Edit: I tried the following using gcc 3.4.5 from MinGW on a (64-bit) Windows 7 RC but it didn't help. If this is a MinGW problem, how can I work around this issue?
#include <windows.h>
#if (WINVER >= 0x0600)
unsigned long long get_tick_count(void) { return 600/*GetTickCount64()*/; }
#else
unsigned long long get_tick_count(void) { return 0/*GetTickCount()*/; }
#endif
Compile time selection of an API based on the target Windows version locks the built executable to that version and newer. This is a common technique for open source, *nix targeted projects where it is assumed that the user will configure the source kit for his platform and compile clean to install.
On Windows, this is not the usual technique because it isn't generally safe to assume that an end user will have a compiler at all, let alone want to deal with the intricacies of getting a project to build.
Often, just using the older API that is present in all versions of Windows is a sufficient answer. This is also simple: you just ignore the existence of a new API.
When that isn't sufficient, you use LoadLibrary() and GetProcAddress() to attempt to resolve the new symbol at run time.
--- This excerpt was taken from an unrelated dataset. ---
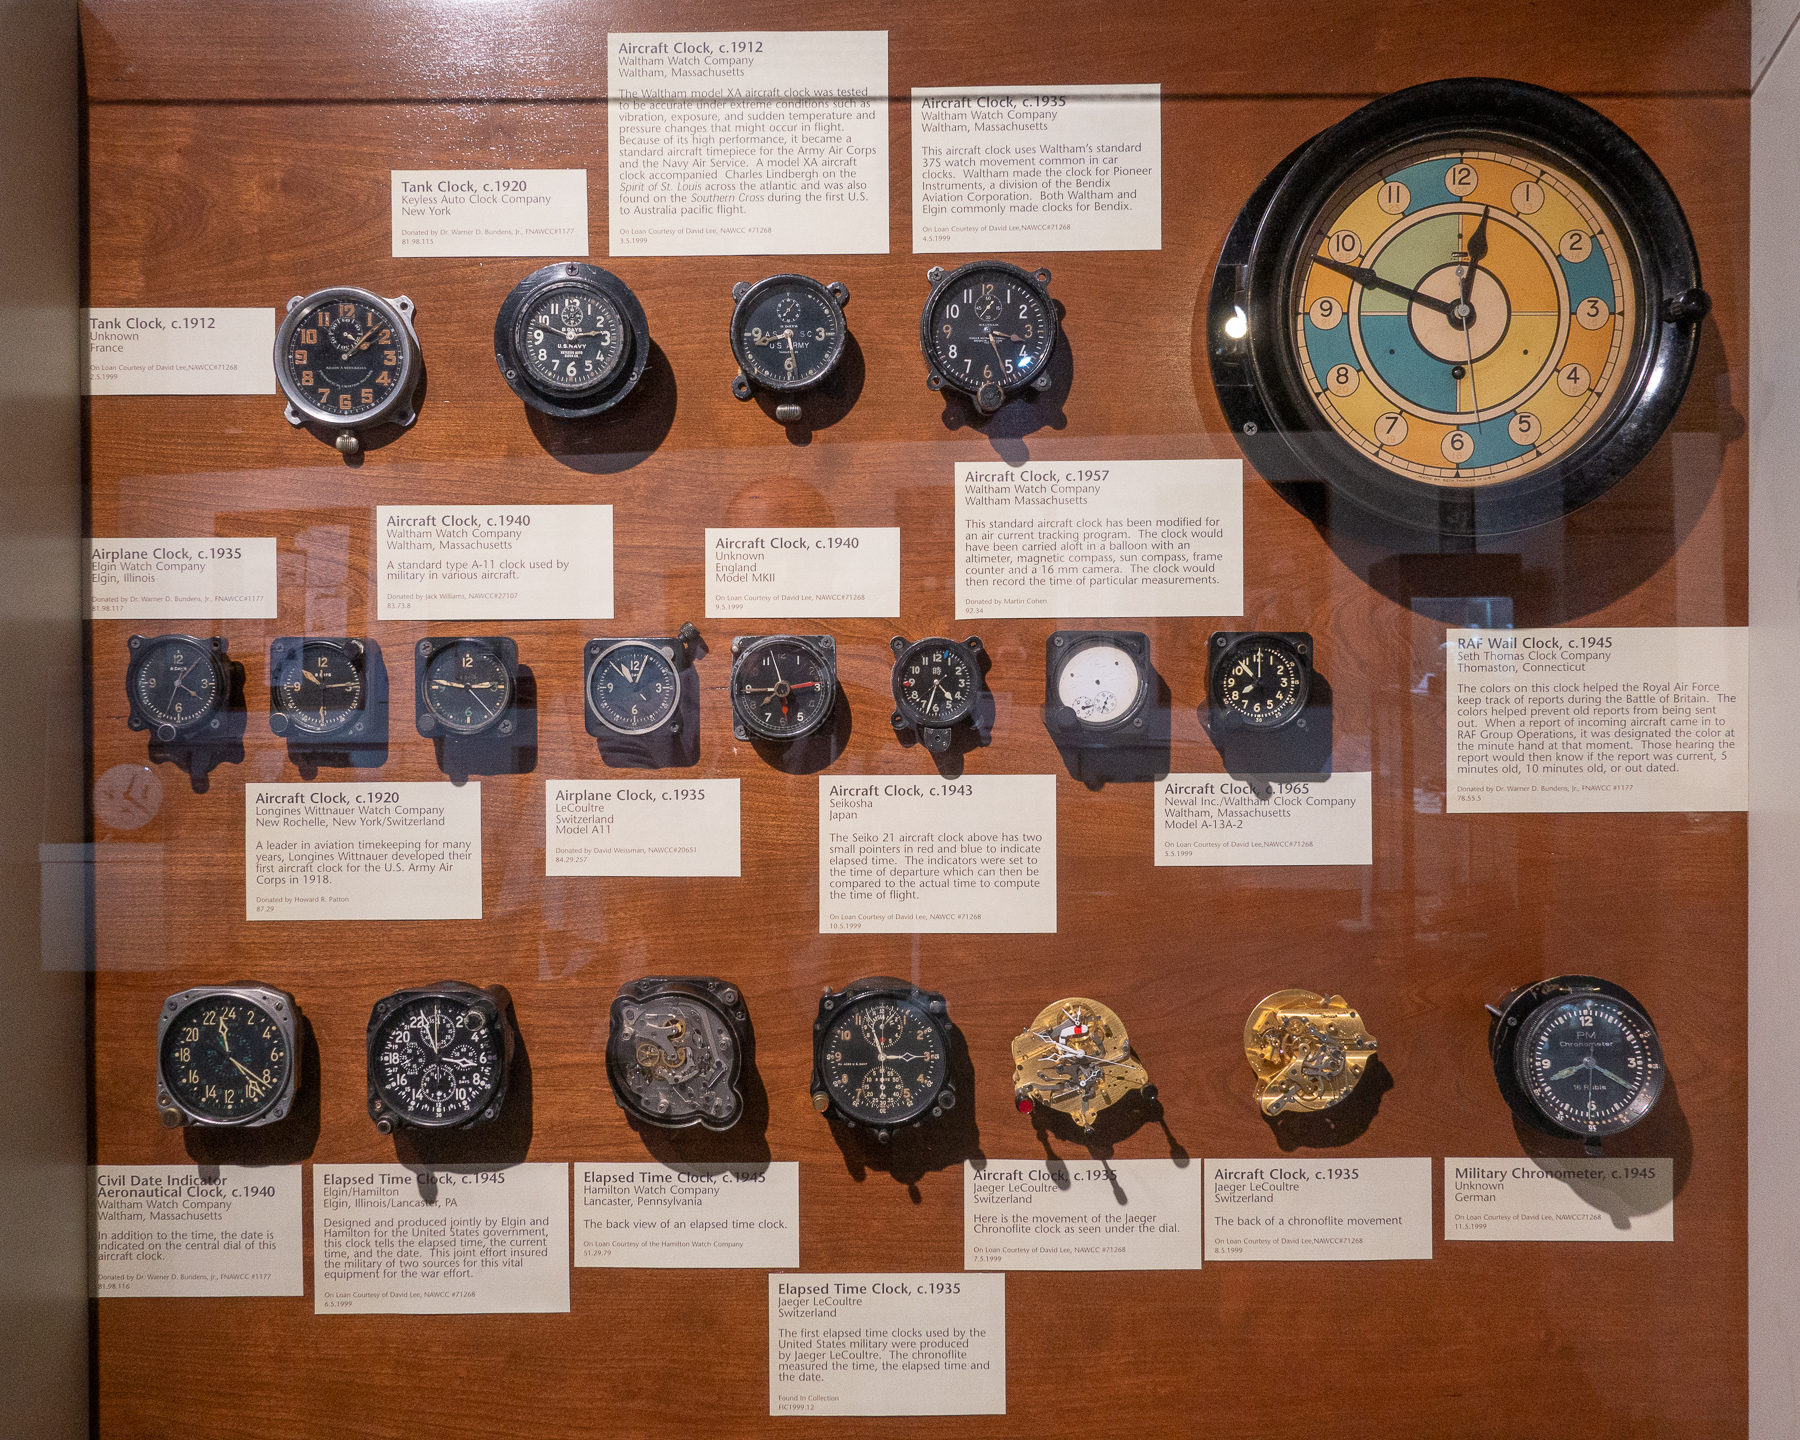 Aircraft Clocks

If it can't be resolved, then you fall back to the older API.
Here's a possible implementation. It detects the first call, and at attempts to load the library and resolve the name "GetTickCount64". In all calls, if the pointer to resolved symbol is non-null, it calls it and returns the result. Otherwise, it falls back on the older API, casting its return value to match the wrapper's type.
unsigned long long get_tick_count(void) {
static int first = 1;
static ULONGLONG WINAPI (*pGetTickCount64)(void);
if (first) {
HMODULE hlib = LoadLibraryA("KERNEL32.DLL");
pGetTickCount64 = GetProcAddressA(hlib, "GetTickCount64");
first = 0;
}
if (pGetTickCount64)
return pGetTickCount64();
return (unsigned long long)GetTickCount();
}
Note that I used the ...A flavors of the API functions since it is known that the library name and the symbol name will only be ASCII... if using this technique to load symbols from an installed DLL that might be in a folder named with non-ASCII characters, then you will need to worry about using a Unicode build.
This is untested, your mileage will vary, etc...
You can achieve it using preprocessor definitions in Windows headers.
unsigned long long
get_tick_count(void)
{
#if WINVER >= 0x0600
return GetTickCount64();
#else
return GetTickCount();
#endif
}
The right way to deal with this kind of problems is to check whether the function is available, but this cannot be done reliably during the project compilation. You should add a configuration stage, which details depend on your build tool, both cmake and scons, two cross platforms build tools, provide the facilities. Basically, it goes like this:
/* config.h */
#define HAVE_GETTICKSCOUNT64_FUNC
And then in your project, you do:
#include "config.h"
#ifdef HAVE_GETTICKSCOUNT64_FUNC
....
#else
...
#endif
Although it looks similar to the obvious way, it is much more maintainable in the long term. In particular, you should avoid as much as possible to depend on versions, and check for capabilities instead. Checking for versions quickly leads to complicated, interleaved conditionals, whereas with the technique above, everything is controlled from one config.h, hopefully generated automatically.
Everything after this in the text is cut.